Protecting the UK’s tech ‘cash cow’ from a hard Brexit

Hallas: Ensuring free-flow of data between the UK and EU after Brexit is 'fundamental' [Benjamin Fox]

If the City of London’s financial district became famous for being the UK’s cash cow, the country’s tech sector has become similarly valuable. Digital and tech accounts for 14.5% of all UK service exports, some £30bn in 2016. It is also one of the most vulnerable to a ‘hard Brexit’.

“Brexit is the biggest priority over the coming year. It will understandably dominate all the conversations I have with the community, particularly on immigration, data and data flows, and the digital single market,” Dominic Hallas, executive director of the Coalition for a Digital Economy (Coadec), told EURACTIV.

Hallas, a former official in David Davis’s Exiting the EU department (DExEU), swapped the civil service for running the trade body for tech start-ups last month.

“I’m perhaps more bullish than some, partly because I spent the past year in DExEU. It’s in everyone’s interest that a deal is struck,” he said.

“No deal would be completely catastrophic for the sector.”

Eco-system

Hallas is anxious to dispel the idea that the UK tech sector is merely a London-centric industry.

“There are 800,000 programmers in the UK. Of those, about 300,000 are in London, half a million are outside of London and that’s a story that’s not often told, and is something that could be at risk in relation to Brexit.”

Access to capital is also at risk. Around 30-40% of the sector’s venture capital comes from the European Investment Fund (EIF), the EU agency based in Luxembourg which provides finance for small businesses across the EU.

“It’s a big issue,” said Hallas. “There is substantial uncertainty about the role of the European Investment Fund, and what the UK’s relationship will be with the EIF. We need clarity on that to be honest, as soon as we can.”

In search of adequacy

One question on the minds of tech businesses after the June 2016 referendum was whether the UK would ditch the EU’s General Data Protection Regulation (GDPR). That was answered last August when Digital and Culture Minister Matt Hancock presented a bill that transposes GDPR into UK law.

But that won’t be enough to guarantee data flow in cyberspace across the Channel.

One danger for the UK is being caught in a legal grey area. As a ‘third country’ outside the EU’s single market, the UK will need an adequacy decision by the European Commission, which determines that a country’s data protection regime is robust enough that European personal data can be processed there.

Without an adequacy decision before the UK exits the EU, companies would need to put complex legal clauses in their contracts or terms of service and may need to have these sanctioned by an EU Data Protection Authority.

“It’s essentially a political decision,” said Hosuk Lee-Makiyama, director of the European Centre for Political Economy, himself a former Swedish government diplomat on trade, pointing to the UK’s Investigatory Powers Act as the likely main stumbling block.

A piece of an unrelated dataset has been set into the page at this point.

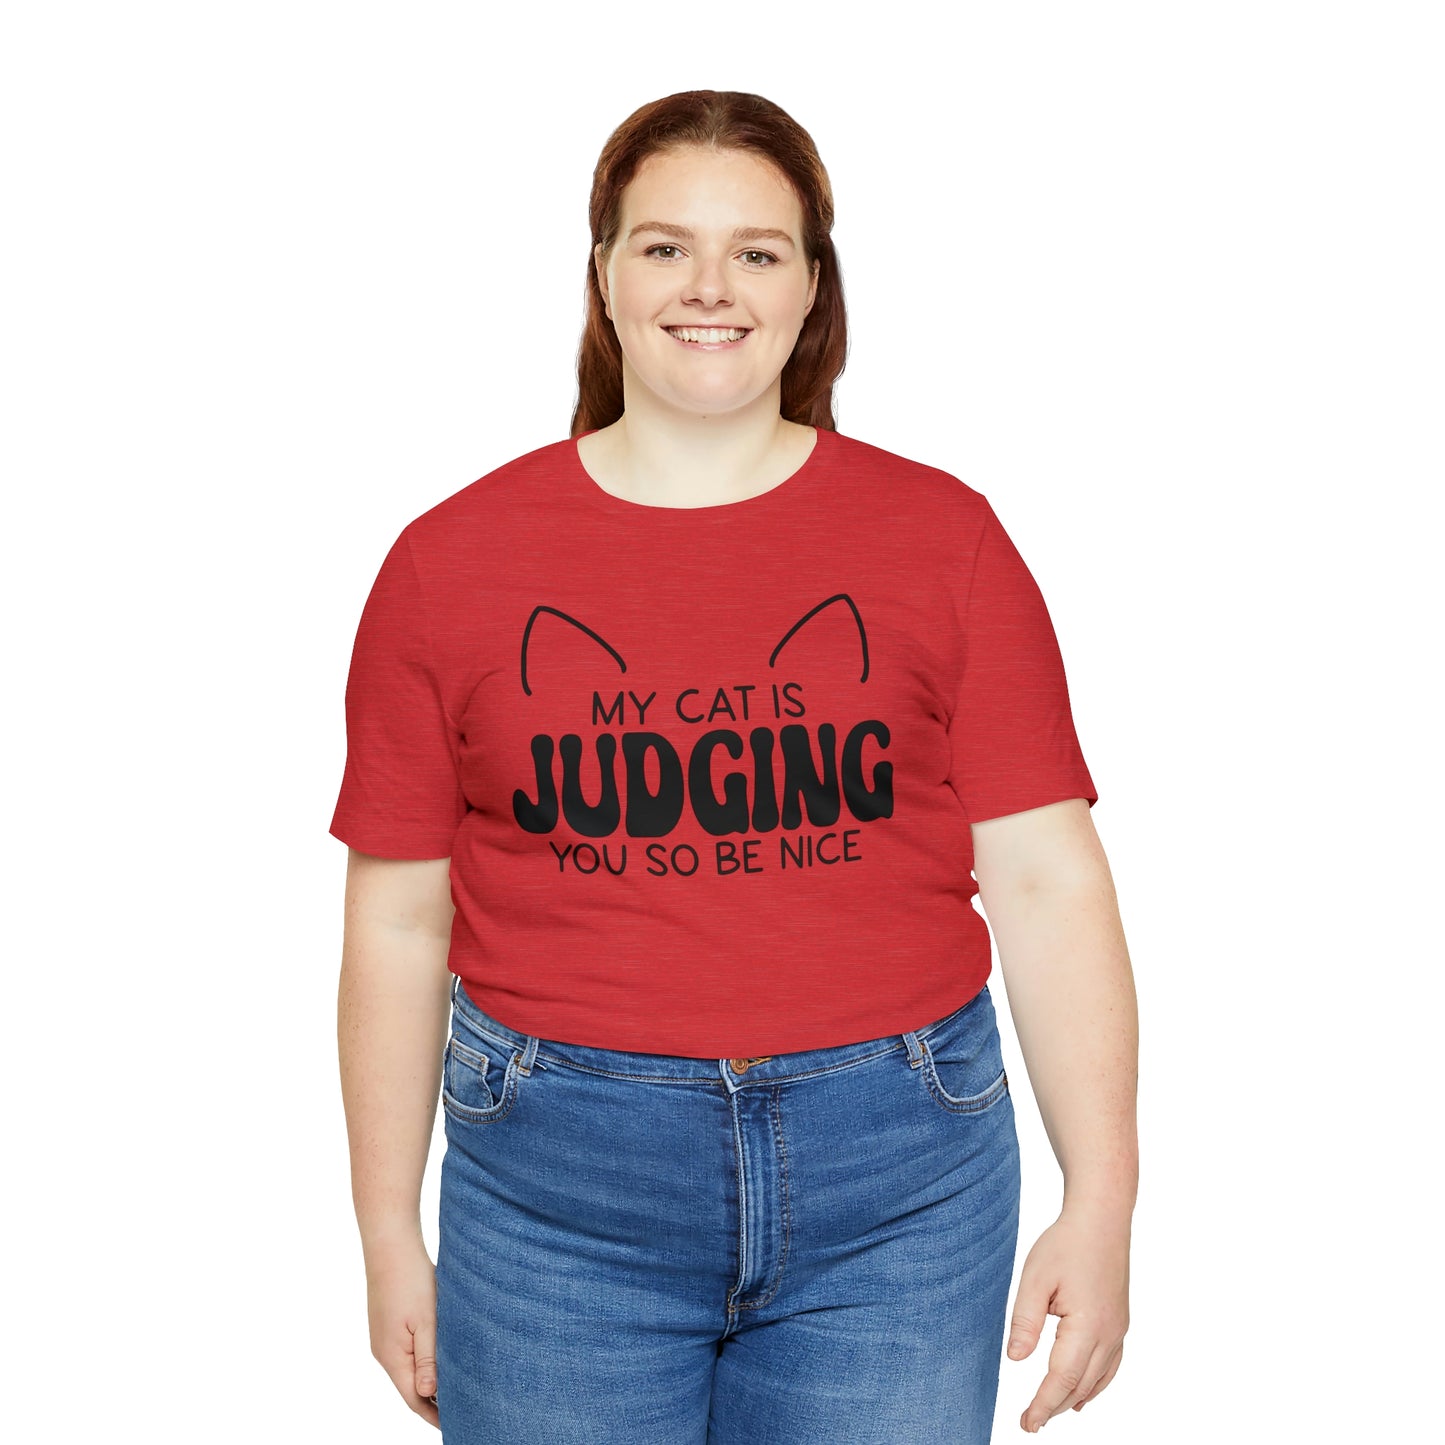 My Cat is Judging You So Be Nice Short Sleeve T-shirt

“Adequacy is absolutely fundamental to the continuation of a successful technology start-up sector in the UK,” said Hallas.

“€272 billion of economic output relies on data flows in Europe each year. The UK government’s position is adequacy +; adequacy plus the involvement of the UK’s ICO in broader data protection discussions.”

“This is a negotiation, but I would hope that on both sides there is a pragmatic approach. Regardless of the discussions around security, it is a huge economic priority for UK, French, German firms that data continues to flow freely across Europe.”

Premier location

London is unlikely to be deposed by a European rival, said Hallas, who warned that Europe’s tech community would suffer collectively from a chaotic Brexit negotiation.

“London is very important as a hub for the tech community in Europe but the whole point is that it is an eco-system and having the ability to continue to work together is really important.”

He pointed to King Gaming, the inventor of Candy Crush, which was founded in Sweden and is now headquartered in London, with an Italian CEO at the helm.

“There are a million and one such cases. London has consistently played the role of being a free-flowing hub of talented people.”

“There’s a lot of conversation, from President Macron in particular, talking about how France wants to be at the forefront of bringing in new start-ups and attracting talent across Europe, and that’s all well and good but a lot of the best talent from the UK in terms of AI and new innovative industries won’t necessarily go to Paris, they’ll go to Silicon Valley.

“What you see in the figures is that as well as being the biggest importer of talent from the EU, the UK is also the biggest exporter to outside the EU. There’s a real risk of losing more of that talent if we have a punitive deal,” Hallas said.